Fading away, part II
Fading away, part II
I wrote a bit ago about my 89-year-old mother who was fading away. Not in the physical sense, but in a sort of family sense. As her short-term memory weakened and my brothers, my sister and I found ourselves repeating stories, somehow her role as matriarch faded. She was, of course, just as loved, but now instead of being the one who you most wanted to tell your story to, she was more of an observer, sitting off to the side.
Well, that was a few months ago back before I realized that fading away is a several part process, and that there was a stage two. This is the stage where, despite the fact that you can hear perfectly well, and that your mind is still right there with you, people begin to talk as if you're not in the room.
A week ago she fell and broke her hip. Classic little old lady thing. When my sister, who lives in the same town with her, called to tell me about it, she used a tone in her voice that is somehow universal - it's the one that says ‘oh, she's fine' but means ‘this is the beginning of the end'.
I went to visit her in the hospital, then a couple of days ago, in what is called the University Retirement Center Care Center - another name for a place where ‘we're going to separate you from everything you've known and loved and see if bad food, and smiley faces will cure you.' Now, I'm all for smiley faces, and these were very smiley. All well intentioned, caring, fussing, and for the most part professional. They were also completely oblivious to who my mother was or the condition she was in.
And, that's the strange part. Picture this. I'm standing at the foot of my mother's bed talking to the doctor. She's busy chewing one bite of ‘New England Beef Stroganoff' that I've cut for her. Now, I'm from New England, and what she was eating had no relationship to the place, and based on how long it took her to chew it, no relationship to beef. But, she was good naturedly working away at it.

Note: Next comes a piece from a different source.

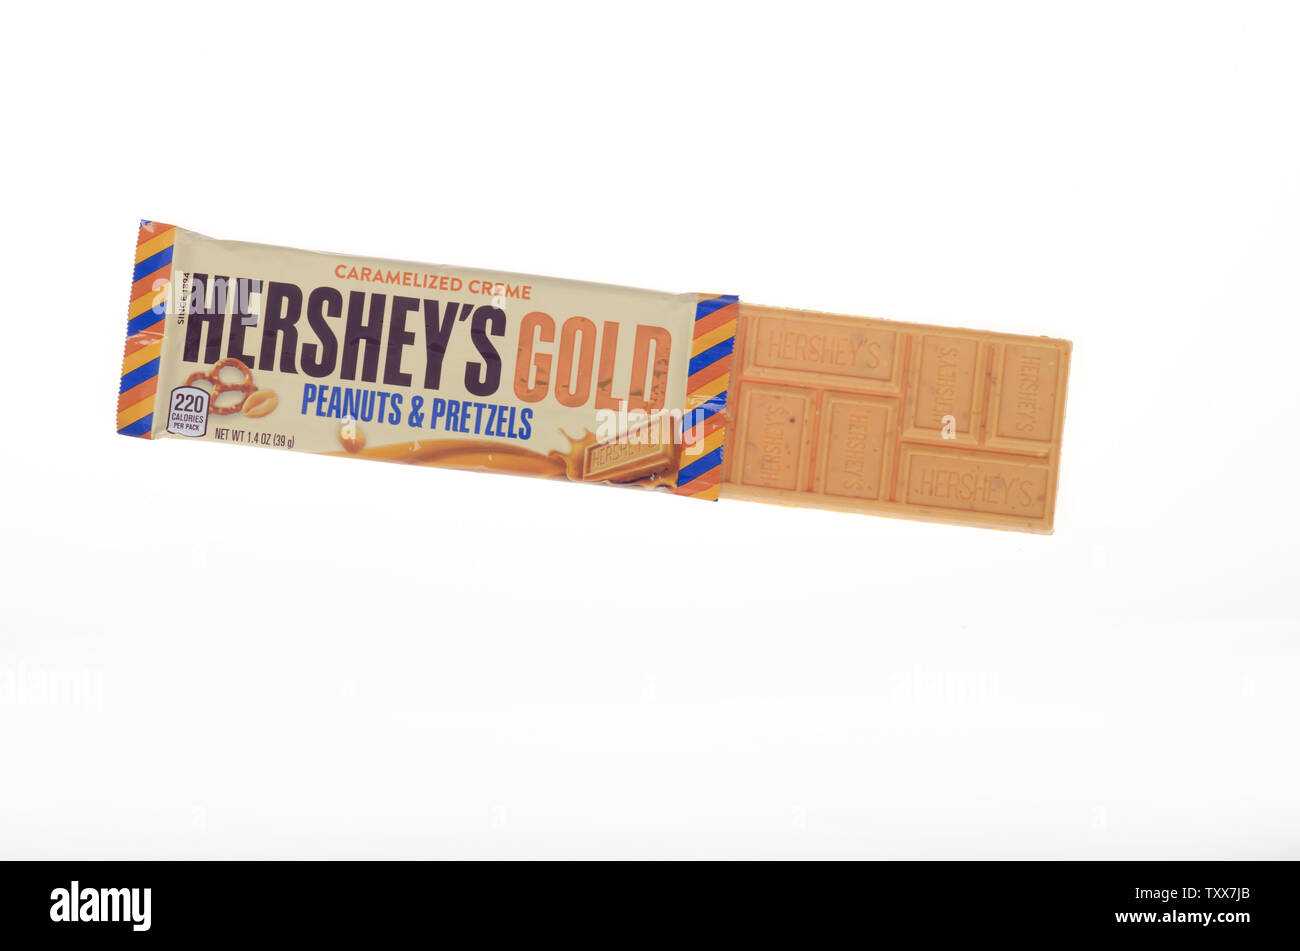 Hershey's Gold peanuts & bretzels avec candy bar ouvert de l'enrubanneuse Banque D'Images

But the thing was, the doctor was talking to me as though she wasn't there. He had performed her hip surgery just a few days earlier and had spoken to her on a number of occasions. But, now when he spoke, he would always bend down close to her, raise his voice, and speak slowly, as though she were deaf and a little slow. He'd then stand, turn to me and tell me about her condition, as though she wasn't there and wouldn't care.
I don't know where this comes from, but it happened a lot. That day, a parade of nurses, and caregivers would come in one at a time, introduce themselves and their specialty (diet, occupational therapy, physical therapy etc.) and proceed to do the same thing. They'd poke, jostle or ask questions for some form or other, then turn to me and report, ignoring my mother.
To her credit, my mother put up with it all with patience and grace. When they overdosed her with painkillers and she began to see imaginary spiders in webs of sparkling threads, it amused her...she'd smile and describe them to us. When they'd wake her up to give her sleeping pills, she'd smile and say thank you.
When a rosy cheeked, young, bouncy, activities director came in and asked what kind of activities my mother would like to do today, my mother smiled and listened. My mother couldn't even get out of bed by herself, nor could she stand or even sit in a wheelchair, but she let ‘Nancy' go on about dancing, exercise classes, and yoga. When she came to the end of the list, and looked up expectantly, my mom said ‘How about some Gin, and I don't mean the card game'.